Has anybody switched from R (tidyverse and ggplot2) to python and found they can be equally or more productive in tabular data wrangling, data exploration and visualisations?

Still using R because I find python cannot do exploratory data analysis of visualisation as well as R.

For data manipulation, R/dplyr is still much, much superior.

However, there's a ggplot clone called plotnine in Python which seems to be reasonably comprehensive.

What R has going for it is ggplot2, which is heavily inspired by a formally validated "Grammar of Graphics" (see the L Wilkinson book). One of the main reasons why the tidyverse works so well is because it tends to follow the organizing principle of "tidy data" (see the H Wickham paper) with some combinator interoperability between packages. R itself is pretty insane ("bad") in terms of language design, even though it has some neat tricks and features.

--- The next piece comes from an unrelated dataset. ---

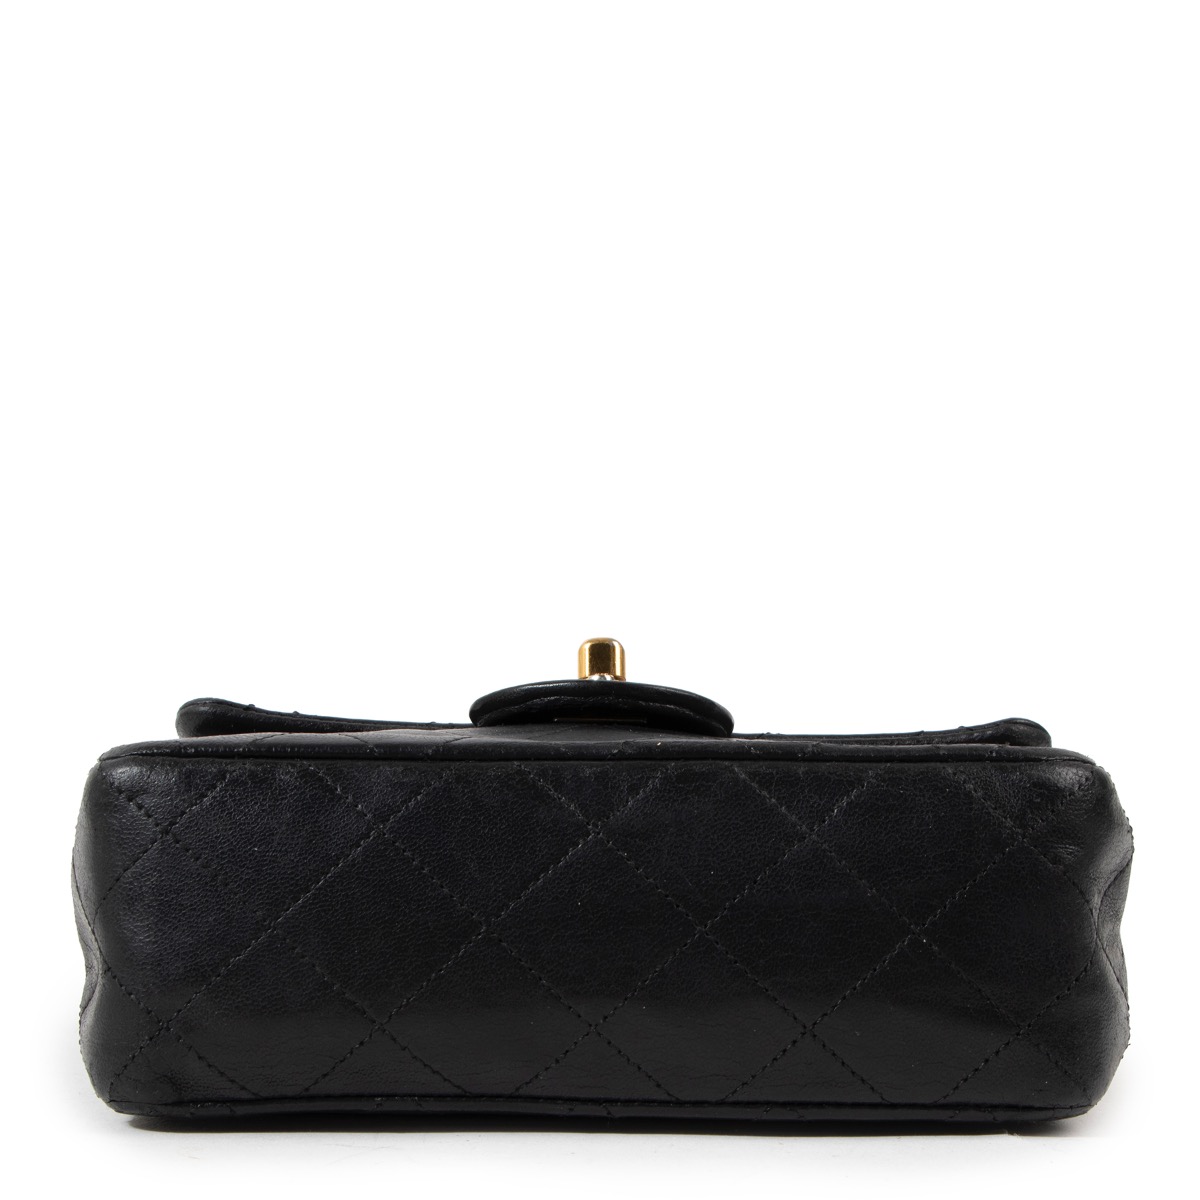 Chanel Black Patent Leather Vintage Vanity Cosmetic Bag Chanel

Python is a much saner language than R (I am not talking of packages here), but it's still super clunky by design (less so than R). It can most certainly do all the things that R does, although its plotting libraries are either lacking in their design (matplotlib) or maturity (the other GoG-inspired libraries).

When you continue on your journey to learn more languages, at some point you realize that when you have a well-designed, simple and consistent language, you really don't need very many packages to get the job done fast. I had this a-ha moment with Clojure (although I find working with the JVM annoying).

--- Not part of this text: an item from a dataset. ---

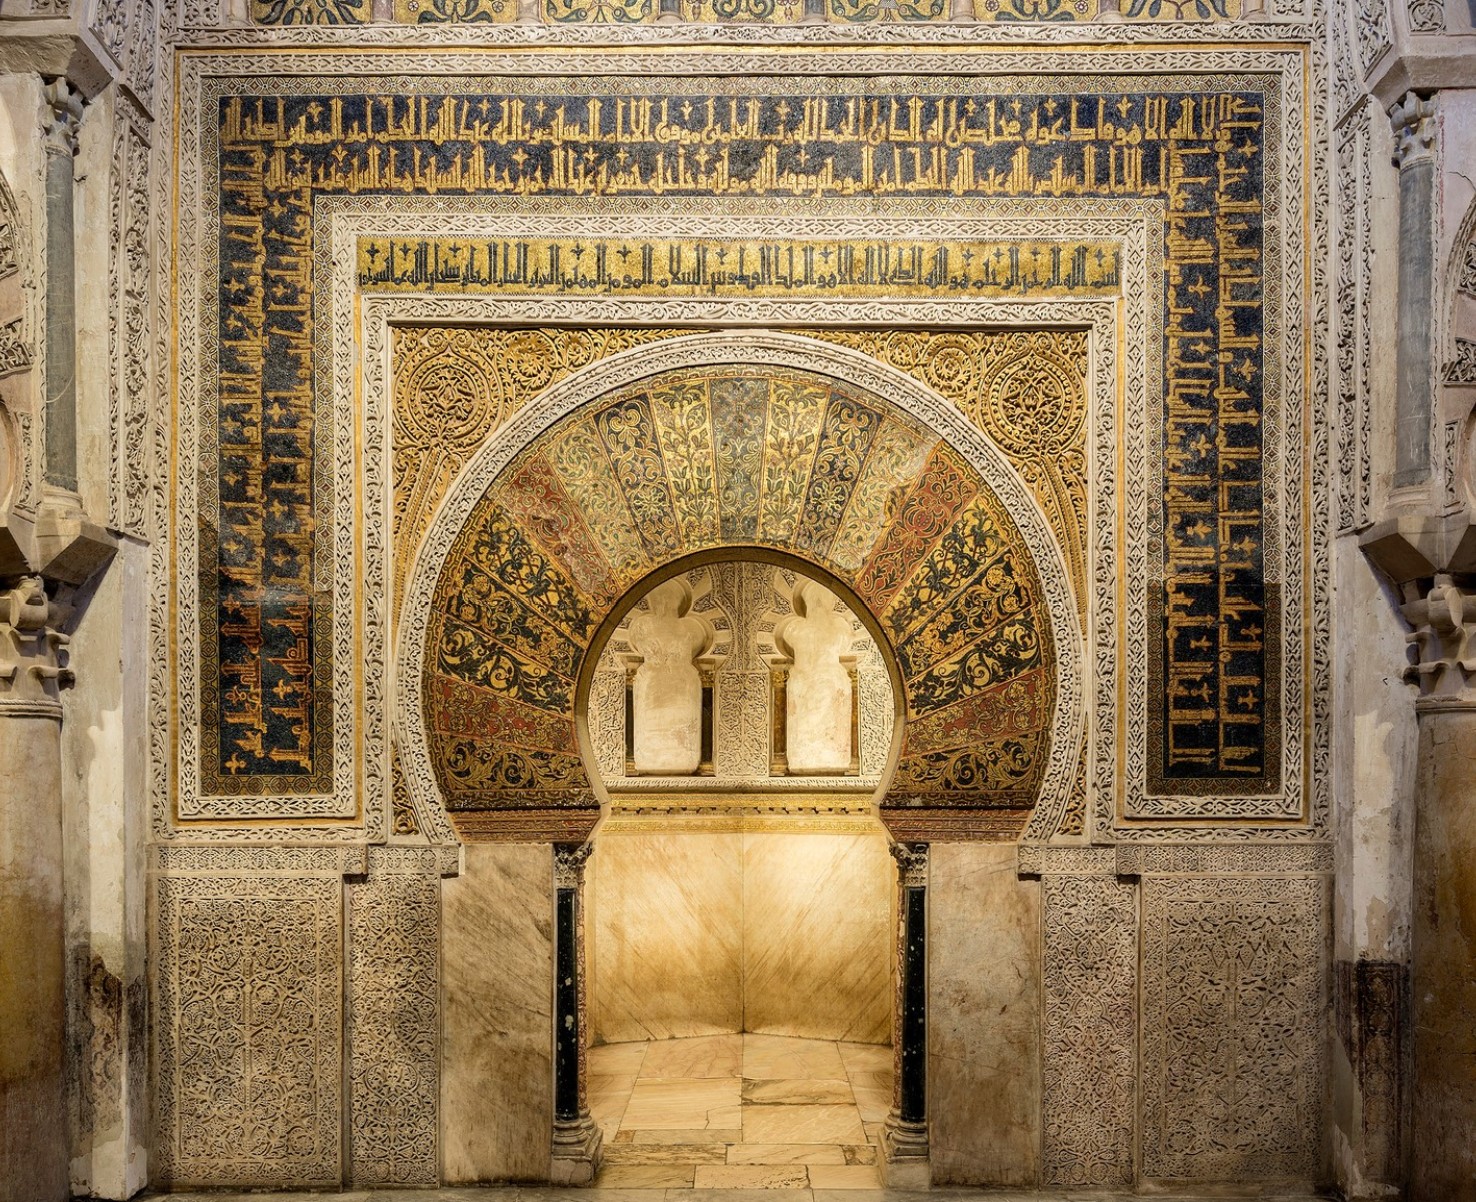 The focal point in the prayer hall is the horseshoe arched mihrab or prayer niche. A mihrab is used in a mosque to identify the wall that faces Mecca

> Python is a much saner language than R

That's like saying that cat turds smell much better than dog turds.

Maybe it's technically true, but let's not split hairs here.

Haha I wouldn’t say it like that, but I’m pretty sure we feel the same way deep down.

Regardless of how true your comment might be, this can seem a bit hostile or condescending to people who don’t have a “cleaner” reference point for language design.

Or, in the “fog of war” of competing alternatives, it may even appear unreasonable to experienced programmers: we’re so used to thinking that everything is a tradeoff that over time we can forget that some things really can be “just better” than other things. Most of the time when we hear such claims, it comes from a place of subjective preference or over-generalization, so our brains pattern match strongly against that.

And at the end of the day, as a practical matter, the best camera is the one you carry with you, and the best tool is the one you can use.

No, I’m in the same boat. If I’m only interested in data wrangling, visualization, or analysis, R blows Python out of the water. With all the time and effort that have gone into Python data libraries, it is basically on par with base R. With close to a decade of tidyverse development, it really isn’t even close.

But the second I’m doing anything outside of those specific tasks above, Python outclasses R to an equal degree.

I have used much more Python than R in my career and I still find I'm able to do most analytics work about 2x faster in dplyr/tidyverse + data.table than in the pandas ecosystem. Polars is better but still not comparable to dplyr.
I am an unapologetic Hadley fanboy. He is a genius. Never in my working life has anyone made so many good decisions that directly benefitted me. My R productivity is so incredibly much higher than it would have been without him.

The worst thing I can say about tidyverse is that I find the stack traces increasingly gnarly. The information you need to debug is there, there's just a lot of filler. I have some faith that they know and they're working on it.

Same here! Hadley is incredible. He can think, code, and write amazingly well. Lots of people can do two of the three. It's rare to find someone who does all three.